■ **Provided material**
= = = =

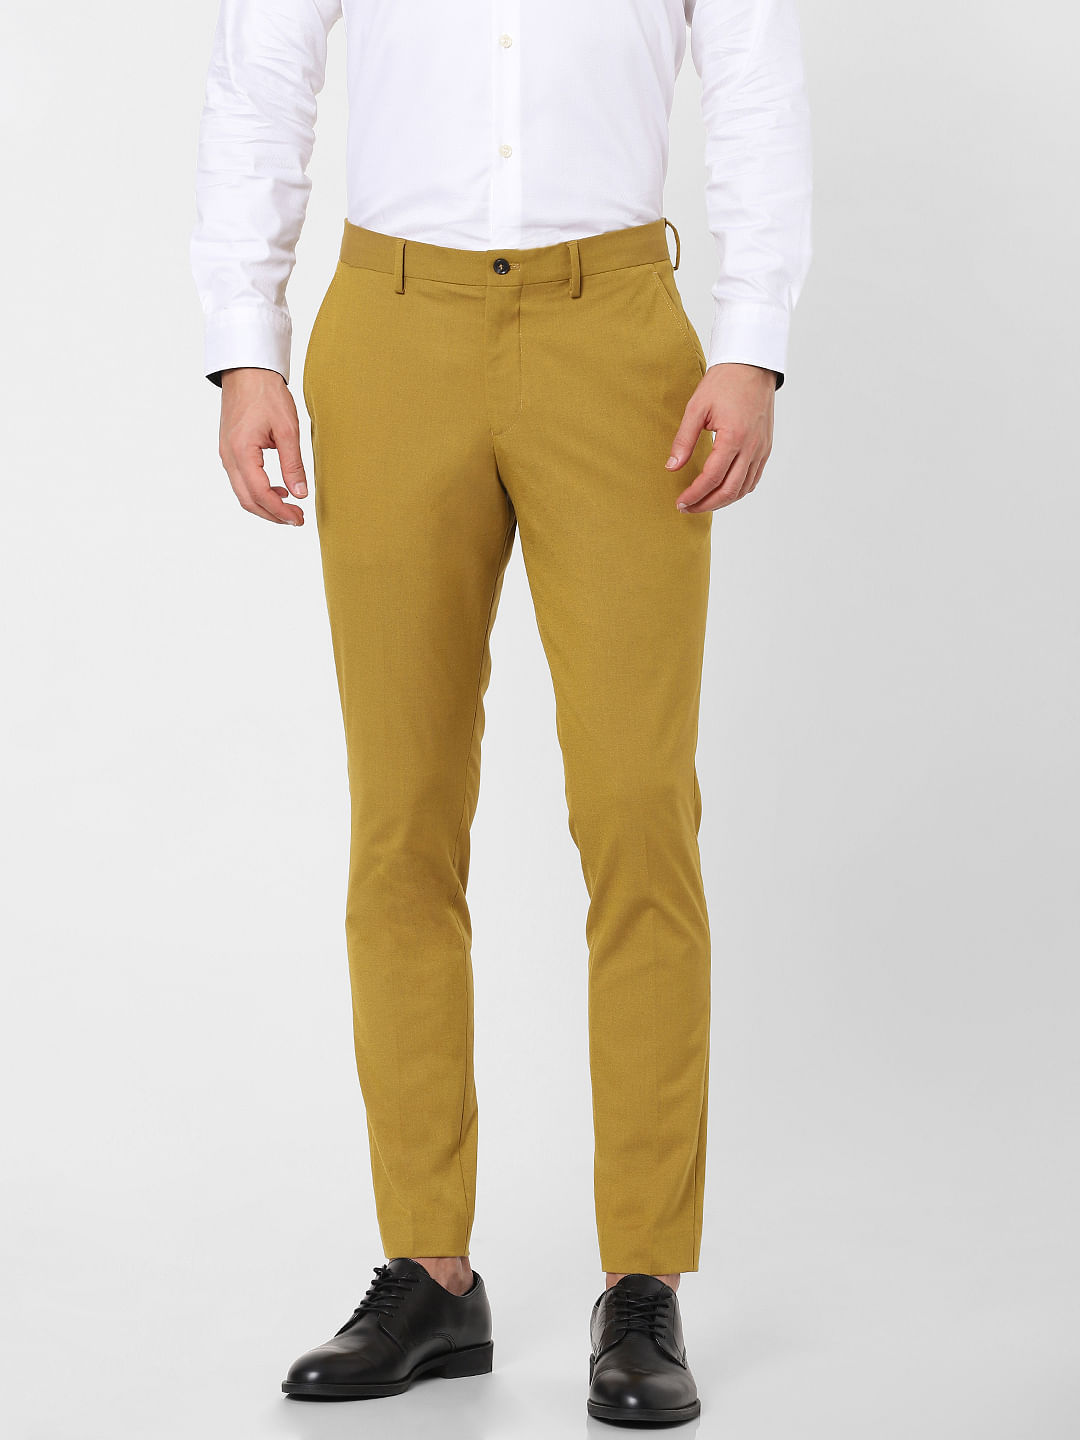 Buy Boss Slim Fit Trousers in VirginWool Serge  Black Color Men  AJIO  LUXE
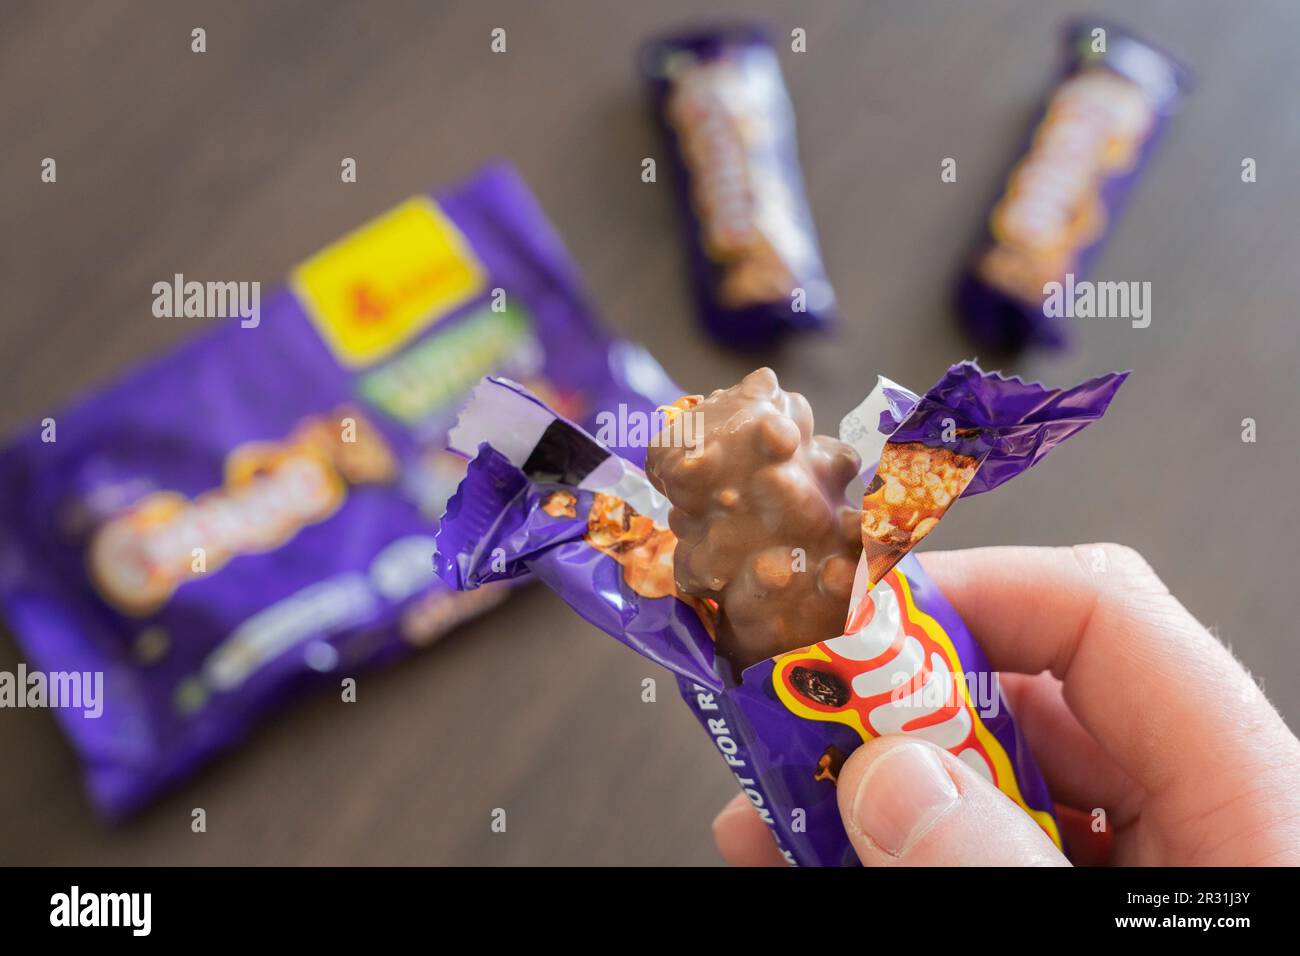 Main d'un homme tenant une barre de chocolat Cadbury Picnic non enveloppée, sur le point de la manger, Angleterre. Concept: Graisse et sucre, grignotage, nourriture malsaine Banque D'Images
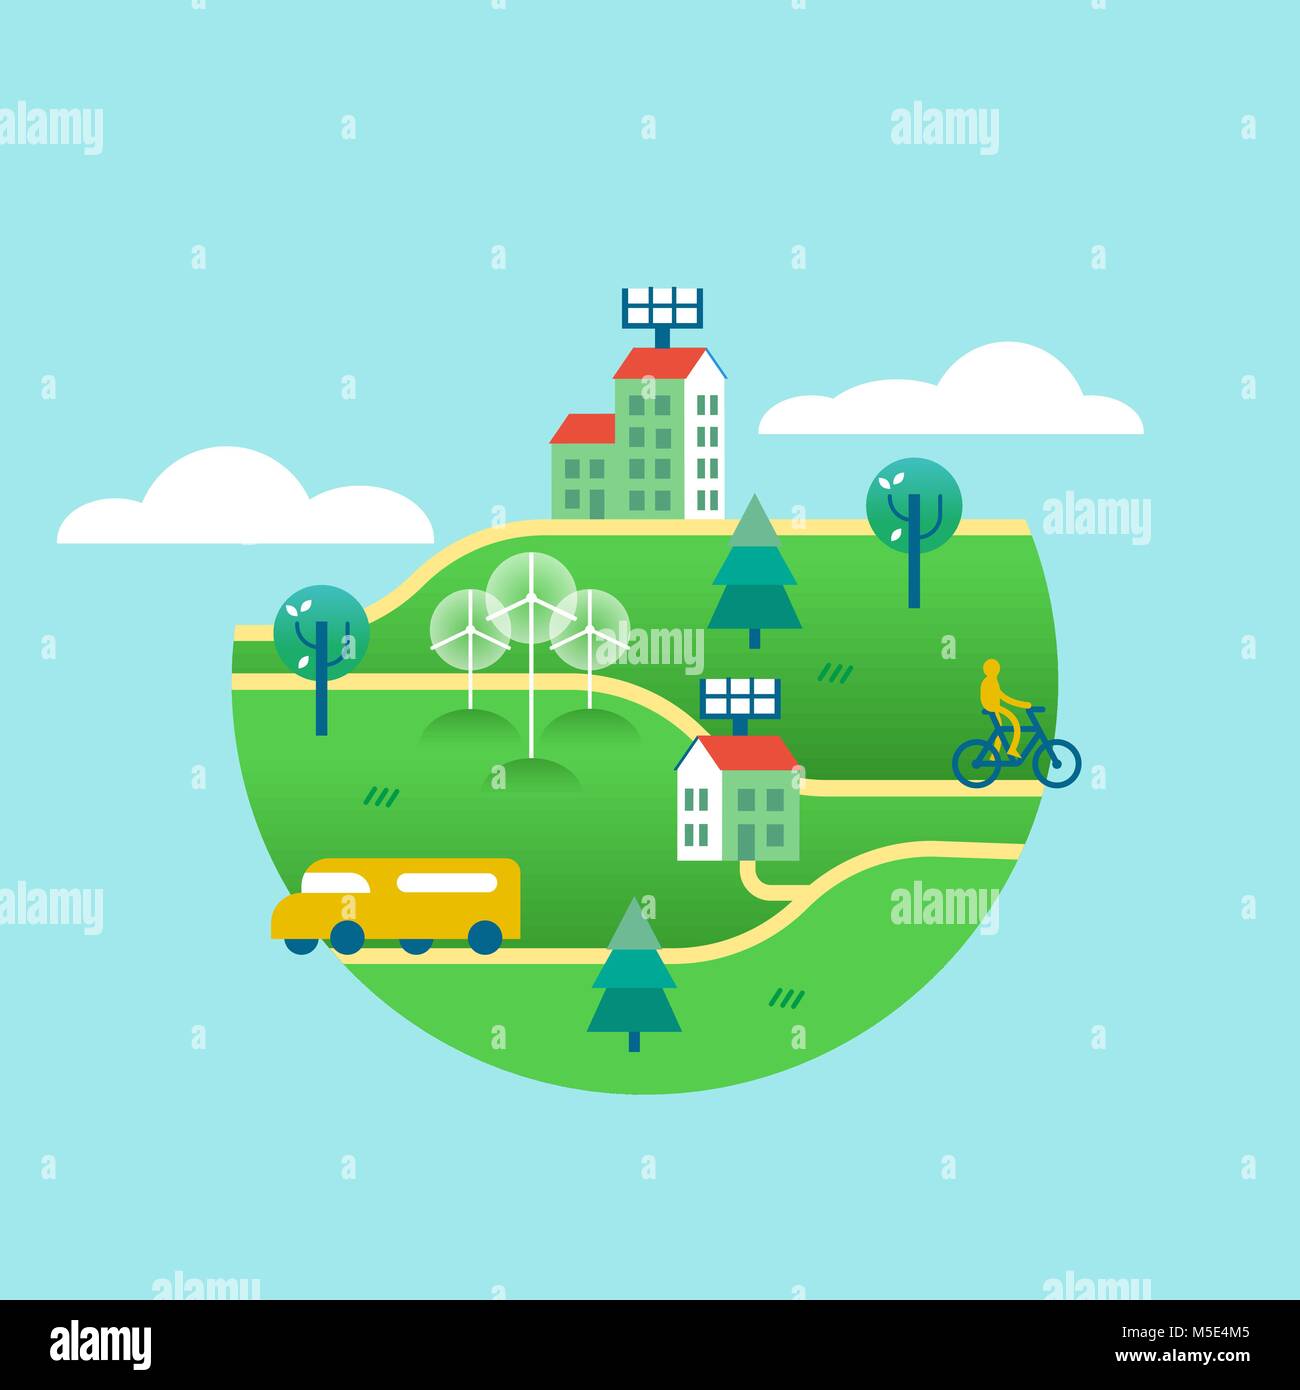 Mundo Verde ilustración del concepto, ciudad ecológica con paneles solares en las casas, las turbinas eólicas, transporte público y bicicletas. Diseño de estilo arte plana Ilustración del Vector

= = = =

■ **What is needed**
Each line from the first line of the data above through the one containing "Main d'un homme" must be set down exactly; the pictures must not be.

■ **Result for this exercise**
 Buy Boss Slim Fit Trousers in VirginWool Serge  Black Color Men  AJIO  LUXE
 Main d'un homme tenant une barre de chocolat Cadbury Picnic non enveloppée, sur le point de la manger, Angleterre. Concept: Graisse et sucre, grignotage, nourriture malsaine Banque D'Images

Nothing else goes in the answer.